– Это она! – завороженно скрипели ступени служебного входа, отзываясь мерным стуком на легкие прикосновения небольших каблуков. Высокие она не любила. Они не давали летать, усмиряли стремление, отбирали свободу, а она всегда любила просто дышать глубоко и полно без всяких остановок.
– Это она! – дружески улыбалось зеркало гримерной, демонстрируя ровно наложенный тон, темные, искрящиеся серебром тени, подчеркивающие выразительный взгляд серых глаз; искусный румянец, что будет казаться естественным даже зрителям бельэтажа; красивую линию чуть тронутых помадой губ: полноватую, сочную, даже слегка припухлую нижнюю и изящную аристократическую верхнюю с ловко приклеенной над ней черной мушкой; и такие же черные, тугие, обрамляющие щеки и струящиеся по плечам навечно завитые кудри парика. А еще молодость, молодость, молодость…

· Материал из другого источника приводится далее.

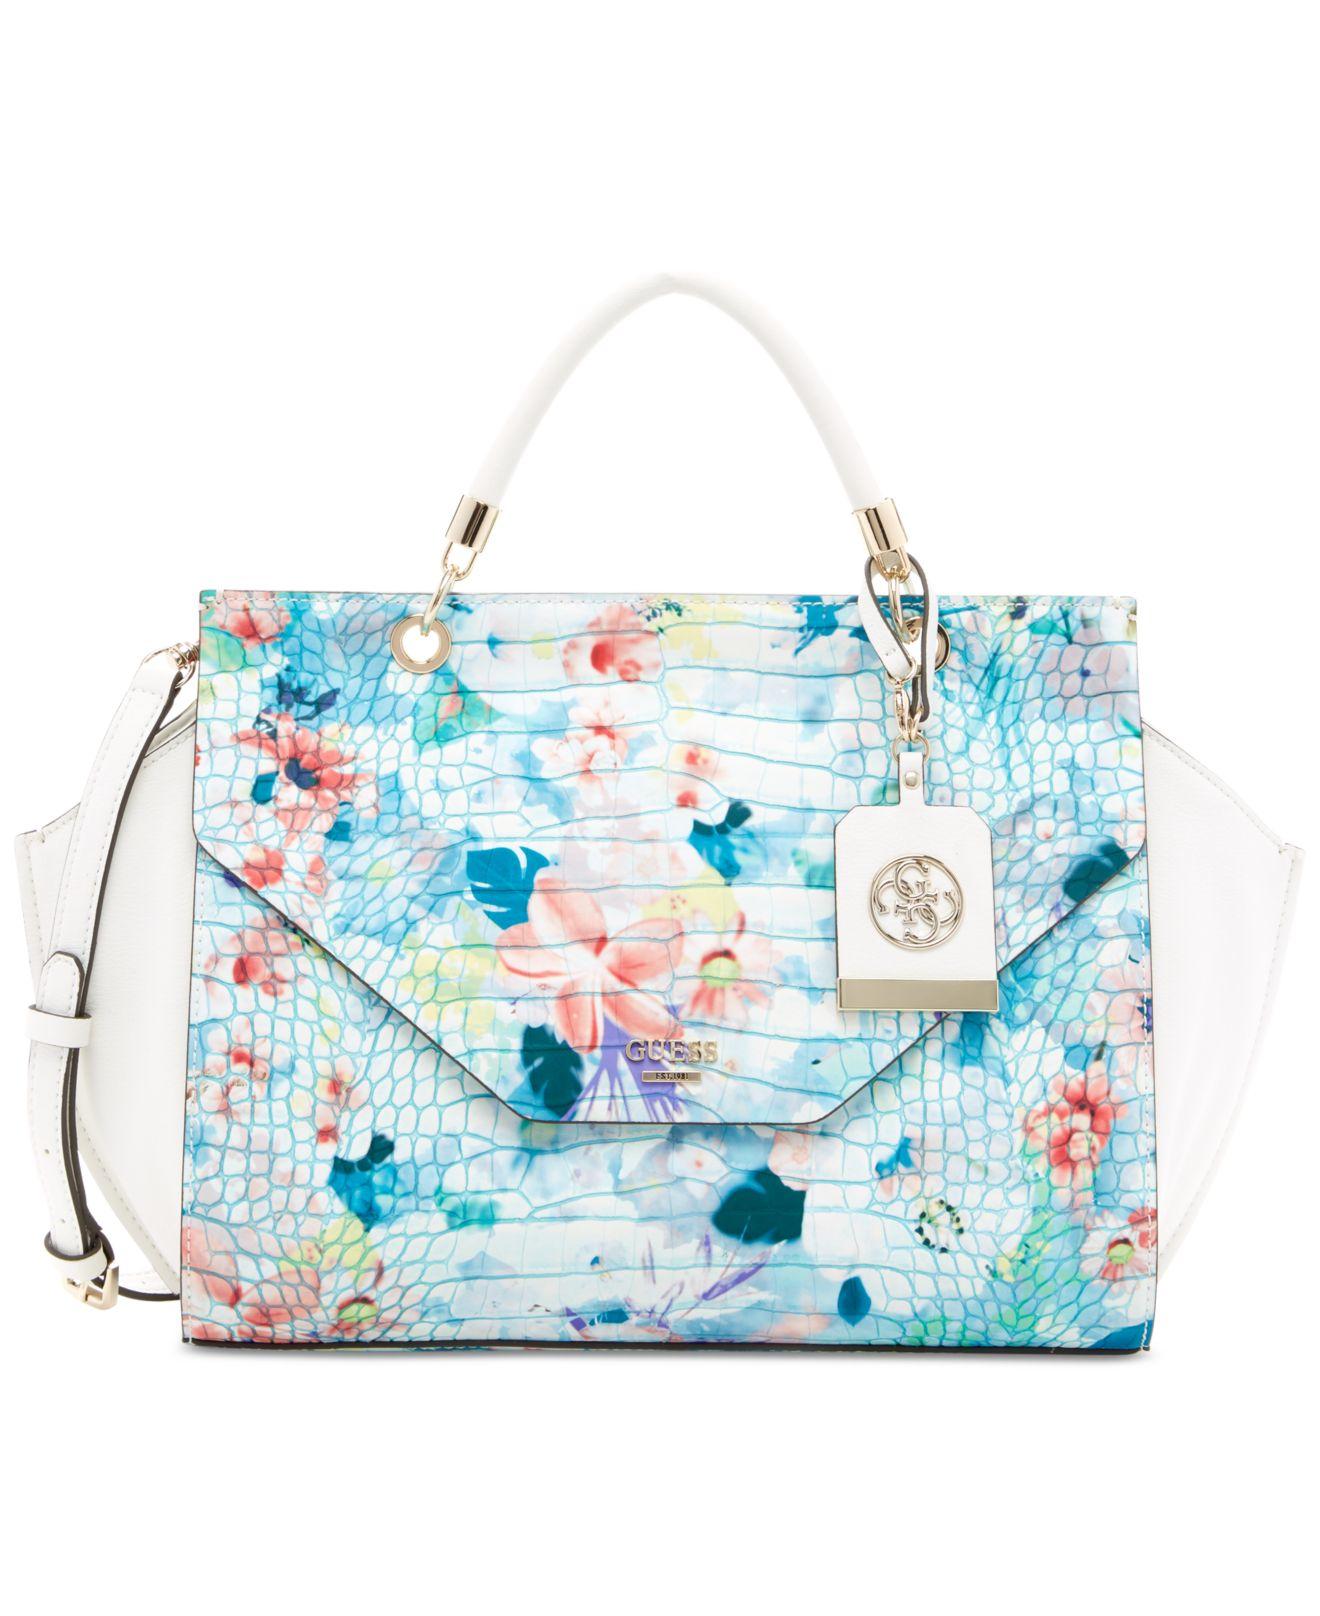 fb7408cc2924 Lyst - Guess Casey Top Handle Flap Handbag

– Это она! – восхищенно щебетали костюмерши и юные девочки-студентки из массовки.
– Это она! – злобно перешептывались вчерашние примы, ничего не забывающие и никого не прощающие.
– Это она! – оживленно гудел тяжелыми фалдами распахнувшийся занавес.
– Это она! – восторженно приняли ее поступь подмостки, подхватили и понесли навстречу мэтру, уже склонившемуся в центре сцены в немом поклоне, столь безыскусном и проникновенном, словно исполнен не в угоду режиссерскому замыслу, а лишь потому, что и сам великий актер хотел воскликнуть: – Это она!
– Это она! – радостным эхом подхватил его немой крик зрительный зал.
Она ответила реверансом, отдавая дань и автору, и постановщику, и лаврам партнера, и авансам, полученным от публики, затем выпрямилась, повернула голову чуть вправо, приподняла подбородок и замерла. Взгляд устремлен чуть выше прожекторов, на лице – мечтательная улыбка. И больше ничего: ни эмоции, ни шороха платья, ни дрожания пальцев – лишь тишина и молчание, пауза на несколько секунд. Но выдержанная так филигранно, с такой естественностью и простотой, что секунды эти кажутся именно той великой актерской игрой, которая дарует обычному спектаклю вечную жизнь.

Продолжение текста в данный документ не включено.